Не задерживаясь, московские державцы выехали. Наказ князя Прозоровского в Москве был таков: ехать спешно, ко всему приглядываться зорко, гетману сказать на словах – пусть на Москву надеется, на рубежах стрельцы кривды ему не будут чинить никакой, хотя гетман литовский Януш Радзивилл и королевские послы домогаются от его царского величества выполнения Поляновского договора. Державцы неотлучно повинны быть при гетмане. Надлежит им разведать, сколь крепок и прочен союз, заключенный Хмельницким с крымским царем Ислам-Гиреем.
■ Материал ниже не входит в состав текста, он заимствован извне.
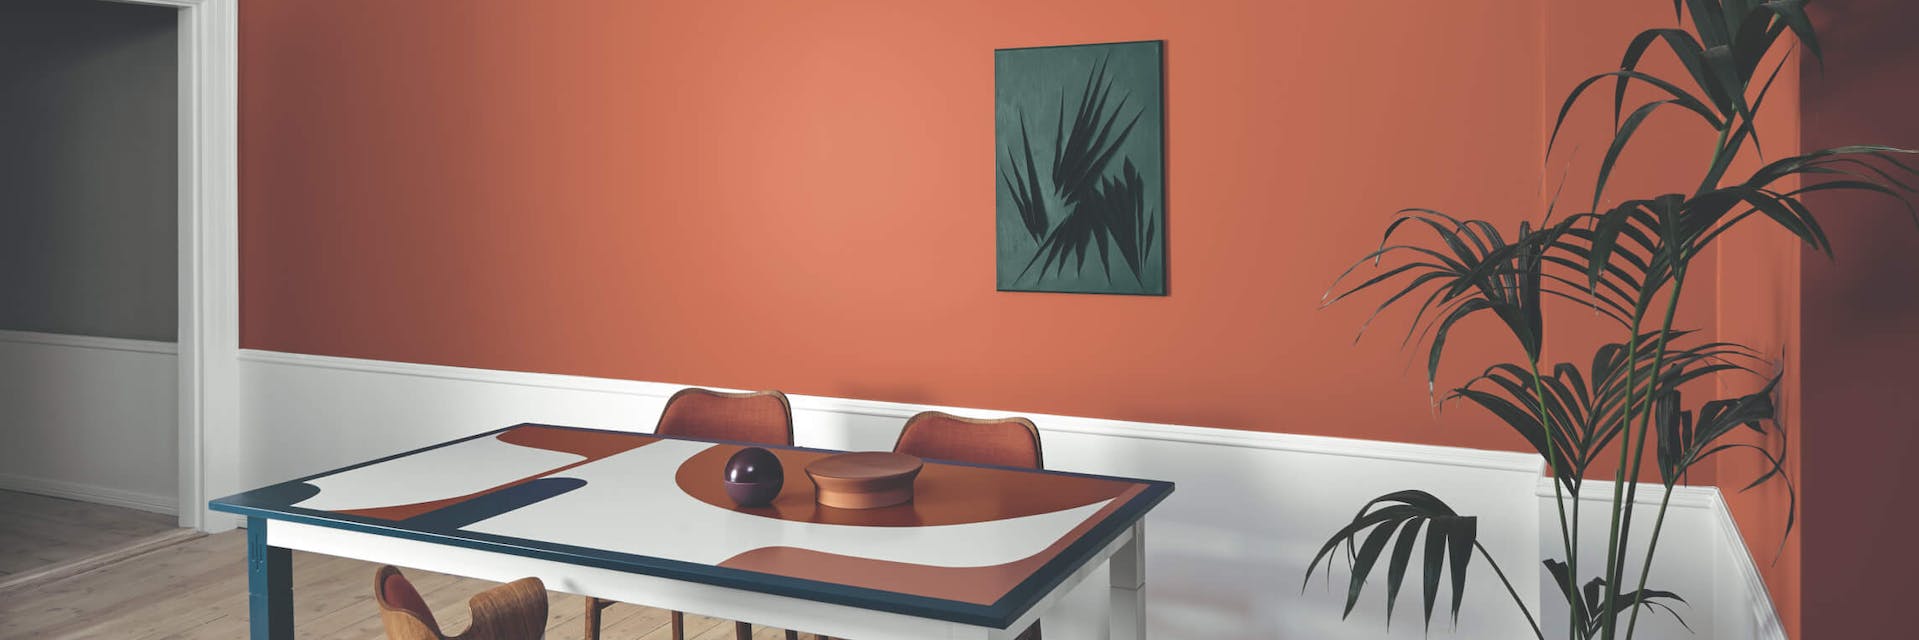 dining room with a vibrant terracotta wall

Возвращаться же в Москву тогда, когда гетман отпустит.
Иван Котелкин на войну ехал впервые. Боярин Леонтий Жаденов шутил:
– Вот приедем в табор гетмана, так может статься и так: ханские слуги ночью выкрадут нас, как слуг царя московского, и потребуют выкупа, а кто за нас даст? И погонят, яко агнцев покорных, на галеры невольничьи...
Иван Котелкин сердито сопел. Хорошо Жаденову потешаться. Молод, крепок, при сабле, при пистоле. А он, Иван Котелкин, кроме гусиного пера, ничего острого в руках держать не привычен. Чтобы сбить спесь с Жаденова, сказал:
– Мы особы неприкосновенные, люди посольского приказа, слуги государевы, – и то каждому царству ведомо, и особы наши, Жаденов, безопасны...
Жаденов смеялся:
– Безопасны? Погоди, услышишь, как пушки бьют, как стрелы свистят.
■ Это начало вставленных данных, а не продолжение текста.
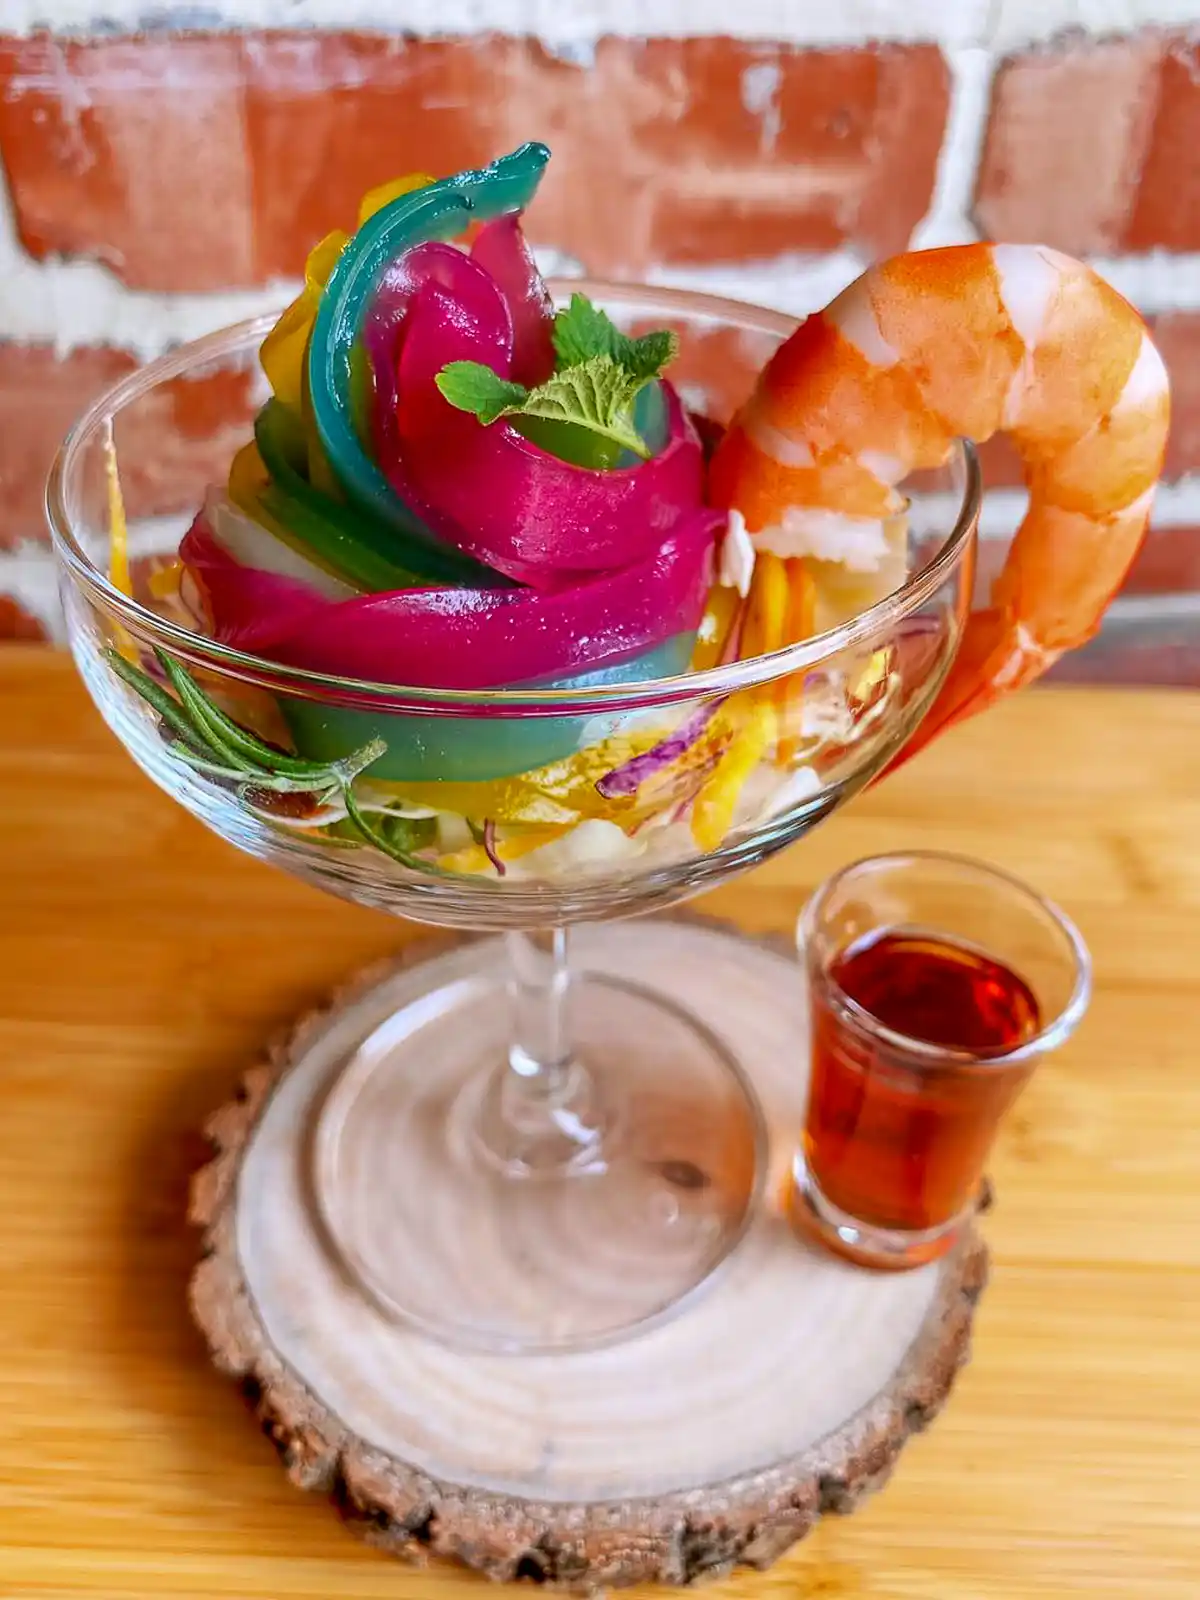 Shrimp cocktail made with rainbow noodles.

Котелкин прятал голову в высокий воротник ферязи. И далась ему эта поездка! За какие грехи? Сидел бы в посольском приказе: покой, благодать, чин соблюдай – и все ладно. Хорошо молодому боярину...
Так за мыслями, шутками, беседами летели версты. Вот уже проехали и Конотоп.
Где можно было не останавливаться, коли особой нужды в том не было, те города миновали. Наконец добрались до Чигирина.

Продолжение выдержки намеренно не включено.